> **ASSIGNMENT**:
Repeat exactly the lines of the material below that run from the "INDIA - JAIPUR" line to the "PLANNINGPLAYTIME-logo" line, including both, and do not carry over any pictures.

> **EXCERPTED RECORDS**:
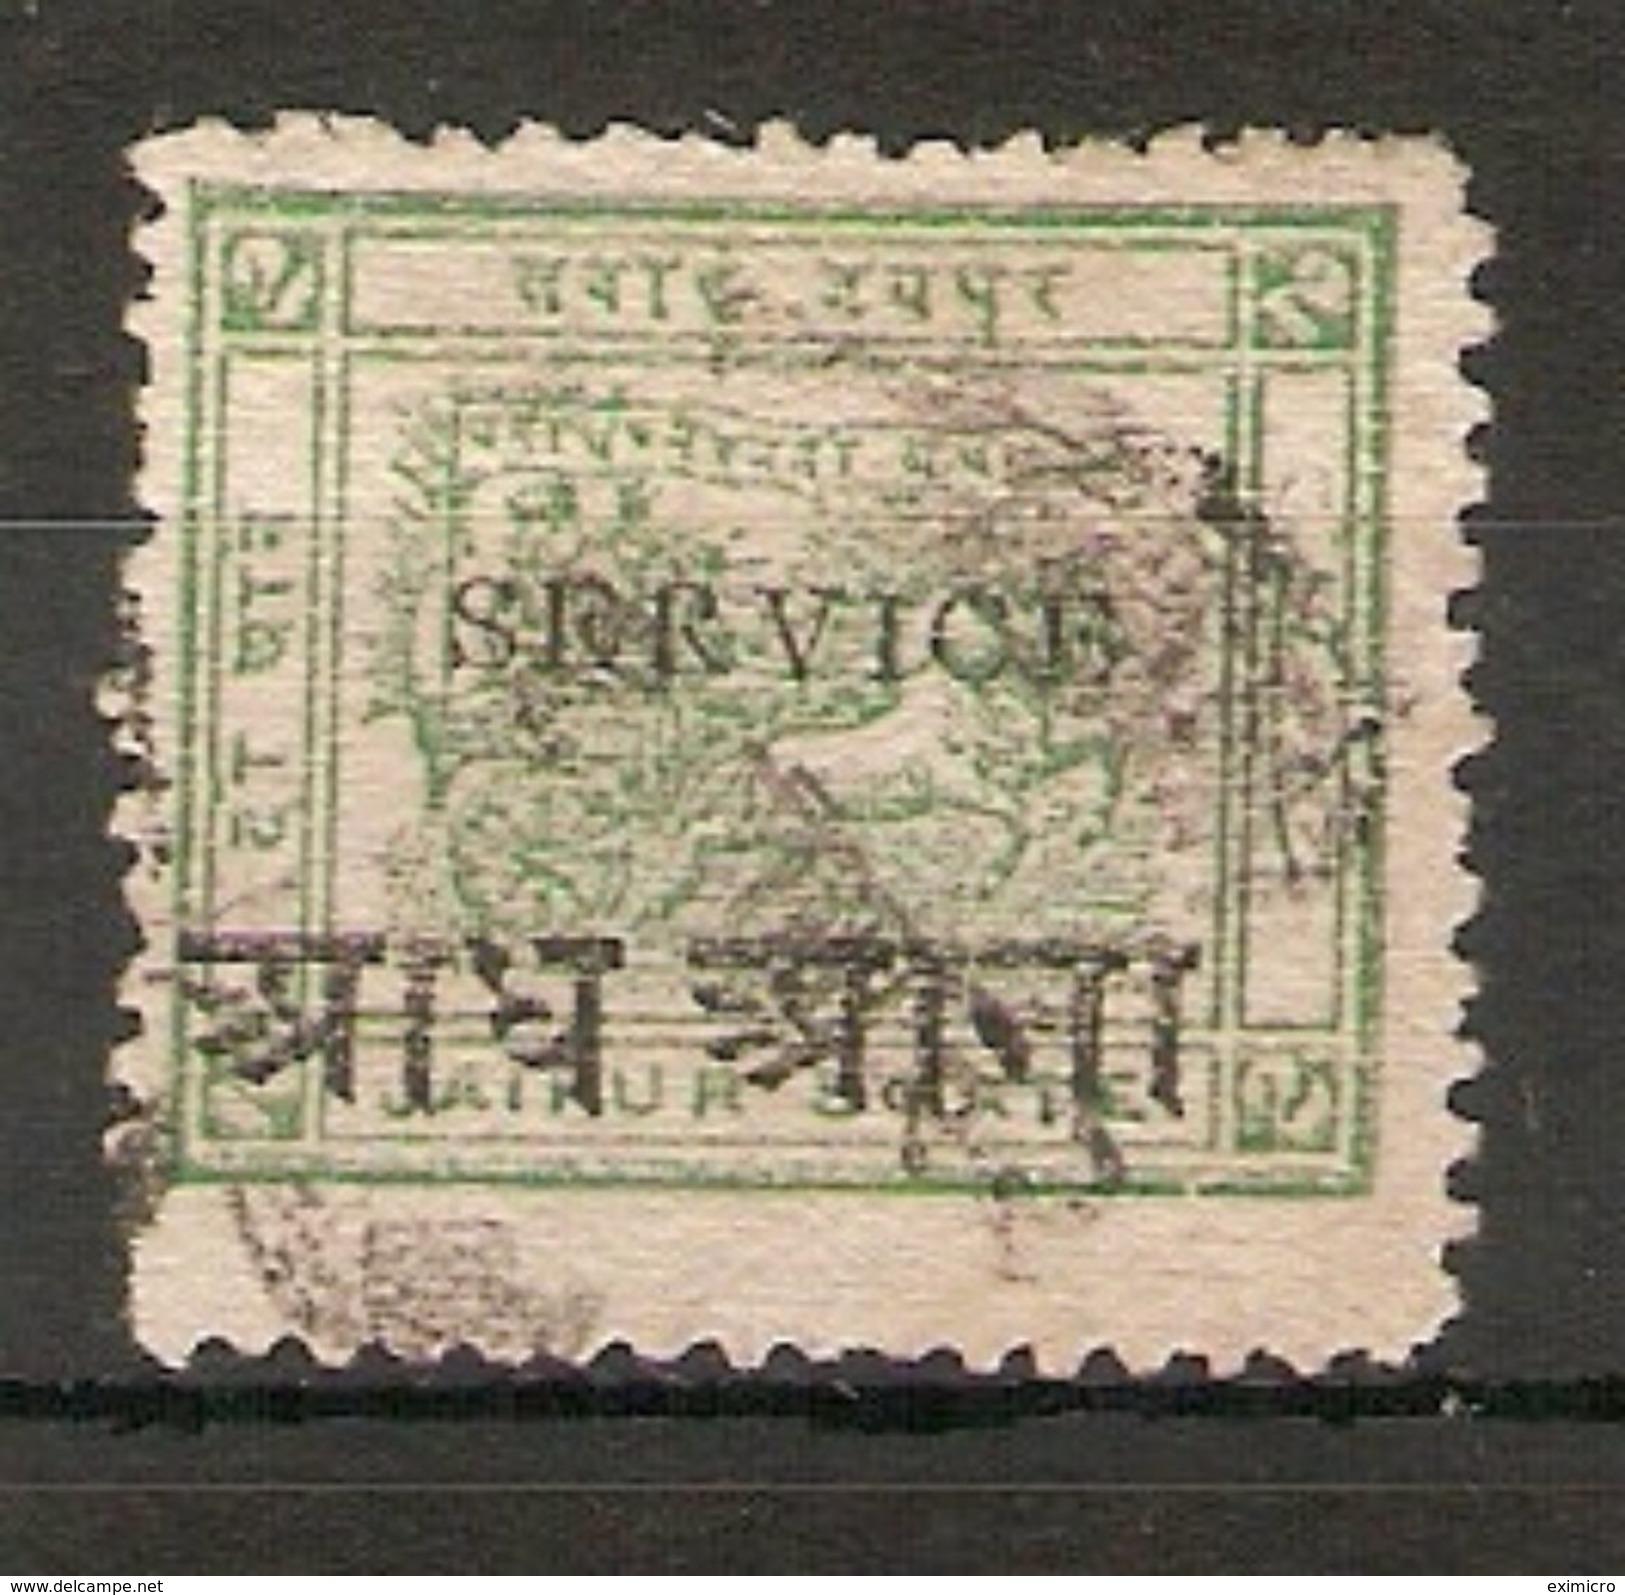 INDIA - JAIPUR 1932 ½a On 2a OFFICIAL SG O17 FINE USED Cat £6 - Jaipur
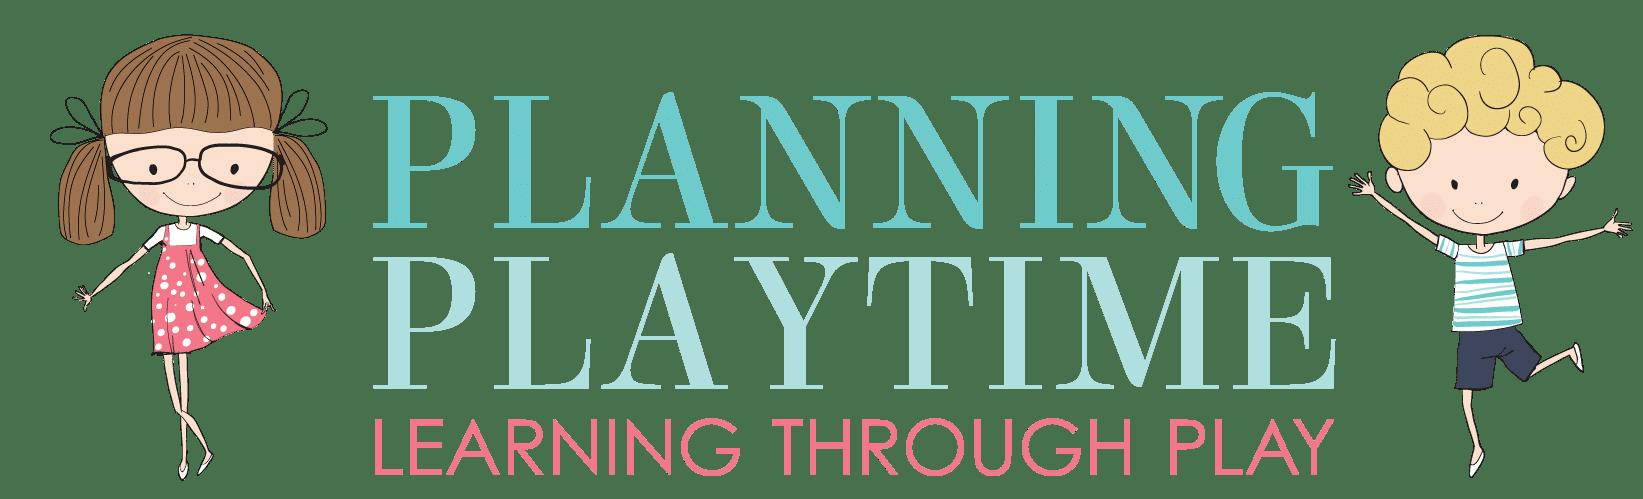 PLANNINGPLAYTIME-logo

---

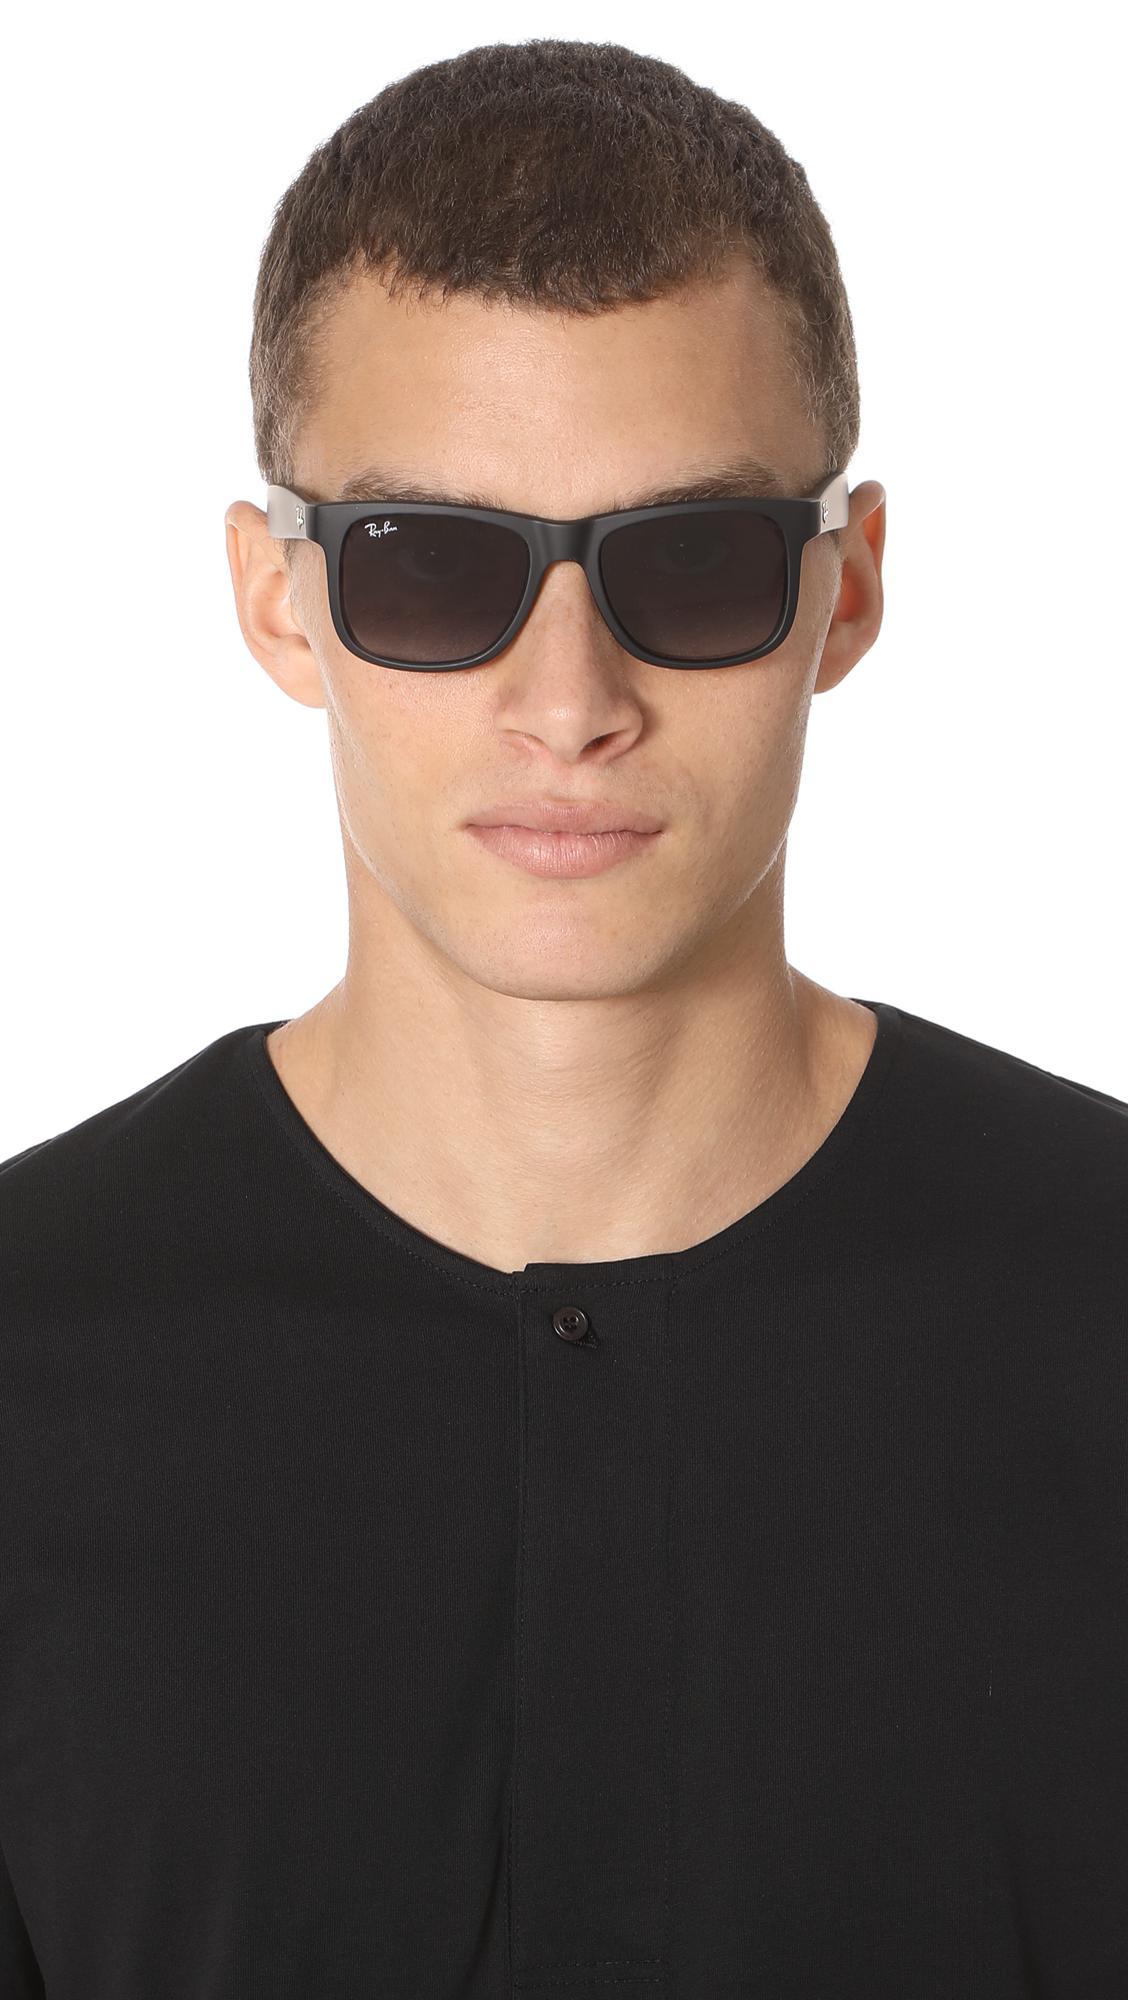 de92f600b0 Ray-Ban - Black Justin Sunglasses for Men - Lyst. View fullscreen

--

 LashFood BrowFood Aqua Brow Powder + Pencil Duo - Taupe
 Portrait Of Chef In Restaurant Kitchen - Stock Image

> **SOLUTION TO THIS PROBLEM**:
 INDIA - JAIPUR 1932 ½a On 2a OFFICIAL SG O17 FINE USED Cat £6 - Jaipur
 PLANNINGPLAYTIME-logo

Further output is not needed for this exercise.